“My smartphone is broken. I have a new number, dad ”: Johan de Pau received this first WhatsApp message from his scammers on January 16, without suspecting that it was not his daughter, reports HLN. After a quick conversation, his “daughter” asks him to pay a bill for him, because she has “access to nothing”, promising to reimburse him two days later.
Johan paid the requested amount and sent the person she thought was her daughter a screenshot of the transfer. When the scammer asks him for a new payment, Johan understands what is happening, and when he tries to reach his KBC bank, no answer. On the website, he is told to block his cards and report the incident to the police. Nevertheless, the Maldegem police station was empty.
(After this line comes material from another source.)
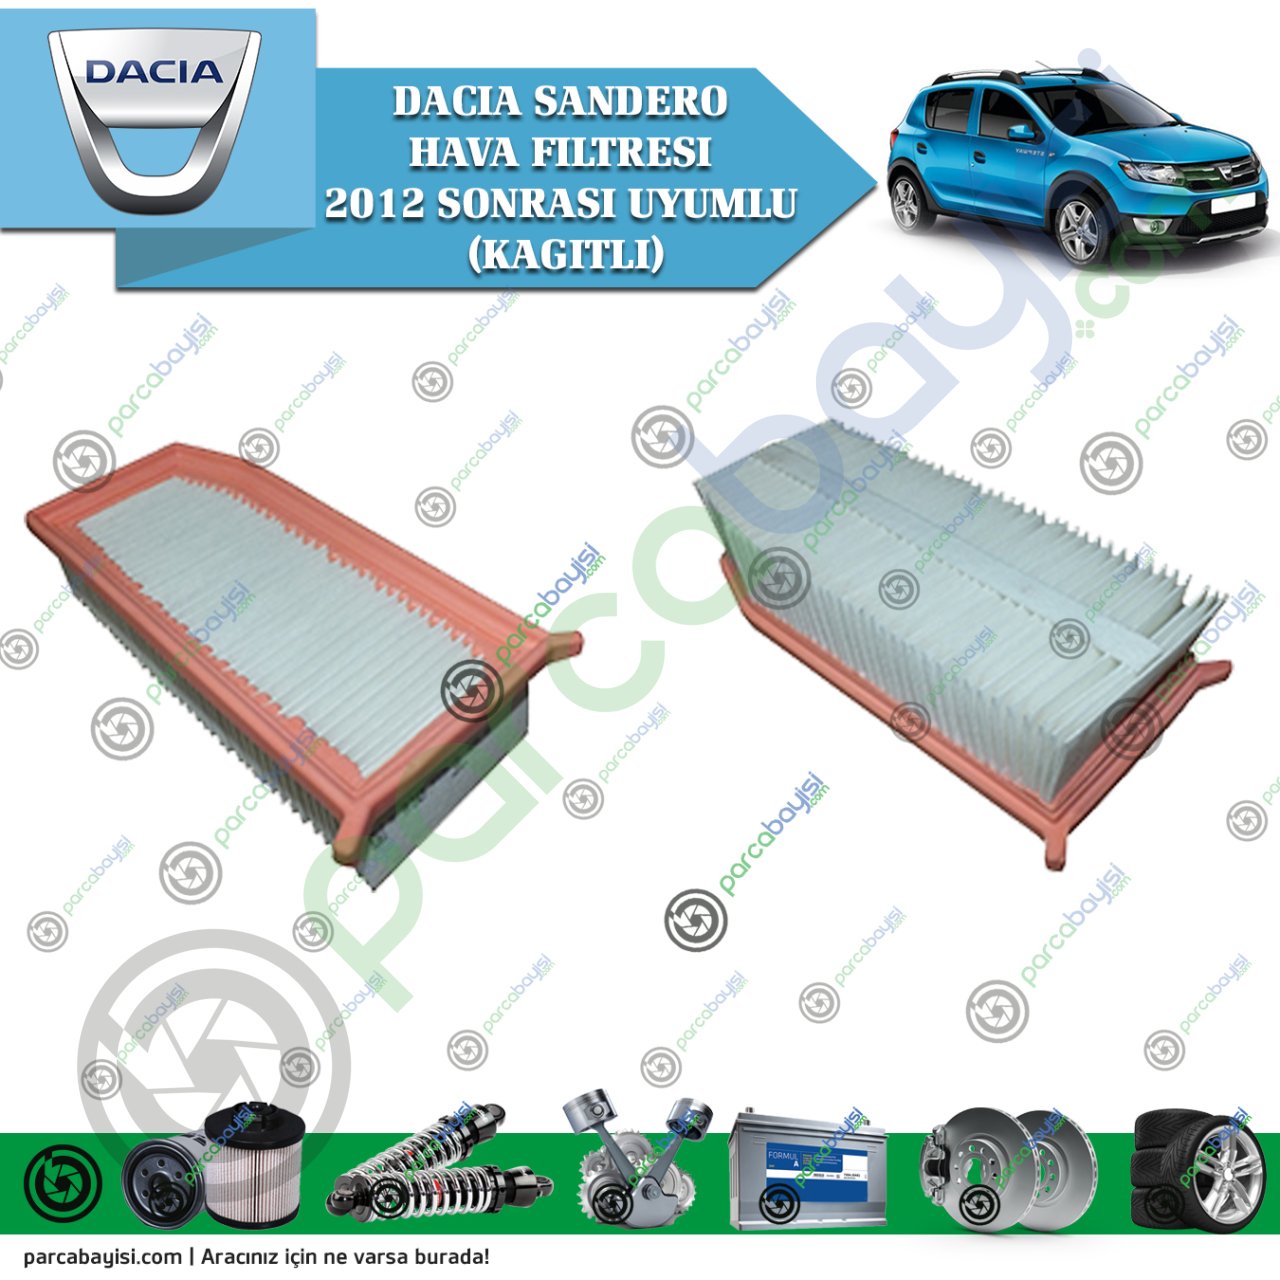 Dacia Sandero Hava Filtresi 2012 Sonrası Uyumlu Muadil (Kağıtlı)

It was later that day that he received a call from a certain BM from KBC’s fraud department. He was also a fraudster… “Perhaps he had seen on the print capture that I am a KBC customer. He said there was an attack going on on my accounts. He was very convincing,” laments Johan. In a panic, he does what the man on the phone asks him to do: transfer 10,000 euros to an account. This continued when he convinced him to transfer 2,000 euros, followed by another 64,000 euros from his business account at ING.
KBC was finally able to intercept the transfer of 10,000 euros. As for the 66,000 euros, they have indeed disappeared. Johan has been the victim of what is known as ‘spoofing’, a technique used by scammers to get a number different from theirs to appear on your phone. Here it was a KBC number. “I can never repeat it enough: a bank will never, ever call you to ask you to transfer money or give you login information,” said Isabelle Marchand, spokesperson for Febelfin.